• [ACTIVITY] In the entries below, find the line with "GSC at KFW Engineers" and the line with "Crawl walk play ukulele black tote bag", then retype both and everything between them exactly. Do not copy the pictures.

• [DATA FOR THE TASK]
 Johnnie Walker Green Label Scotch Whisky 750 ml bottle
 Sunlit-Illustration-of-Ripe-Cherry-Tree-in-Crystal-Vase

* * *

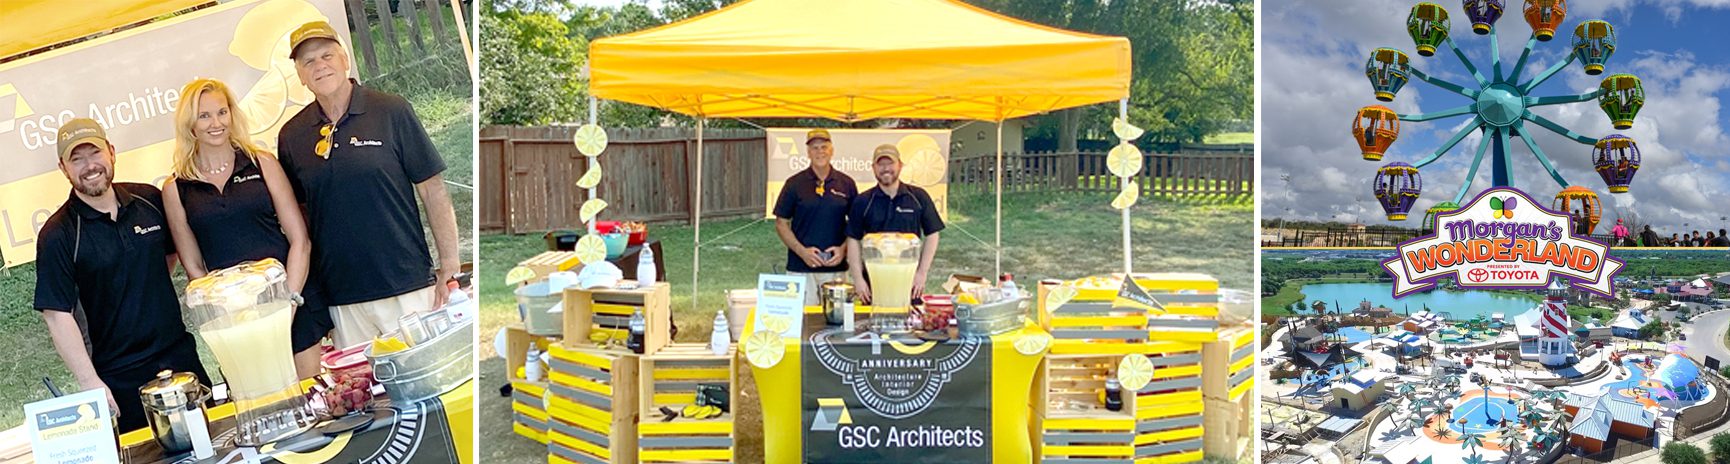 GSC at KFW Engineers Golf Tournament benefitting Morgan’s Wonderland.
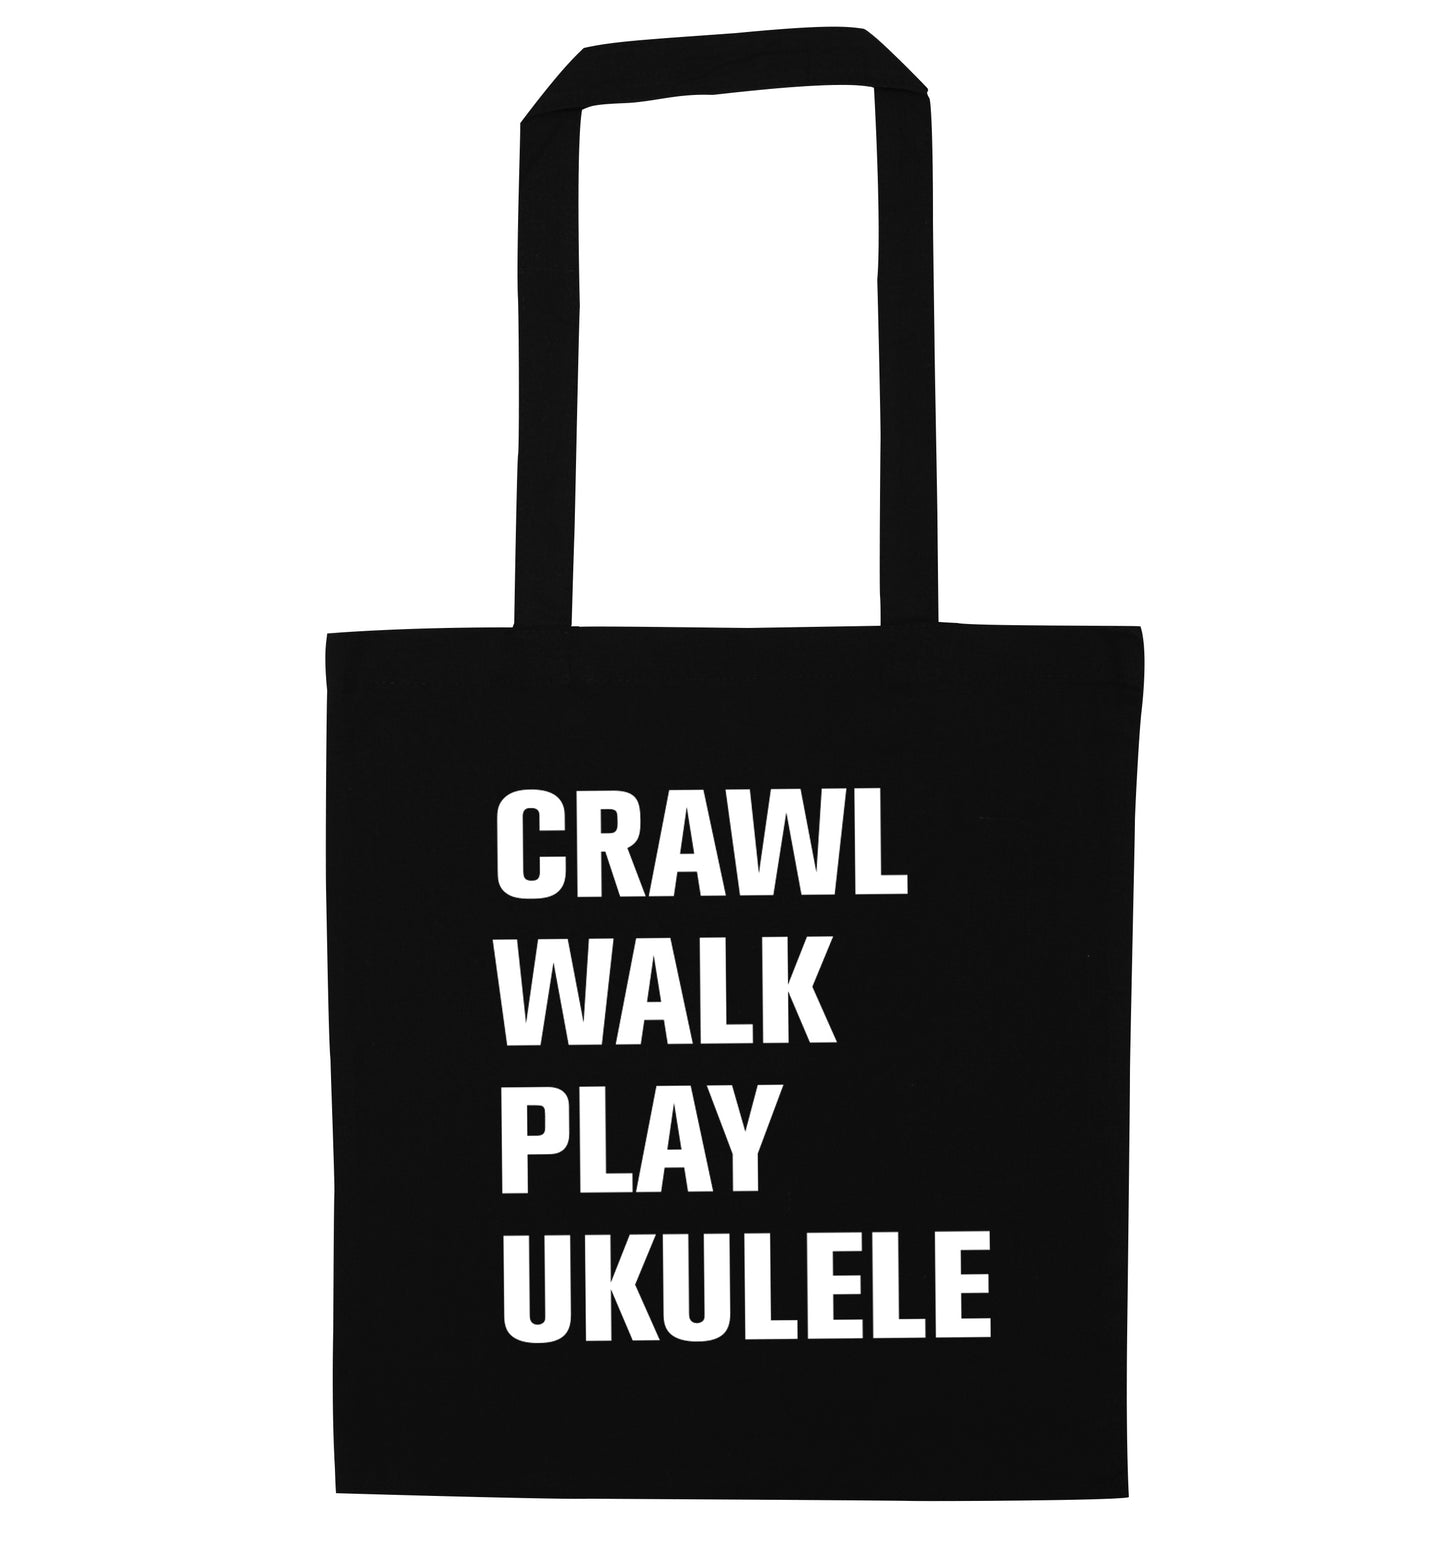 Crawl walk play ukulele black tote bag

• [TASK OUTPUT]
 GSC at KFW Engineers Golf Tournament benefitting Morgan’s Wonderland.
 Crawl walk play ukulele black tote bag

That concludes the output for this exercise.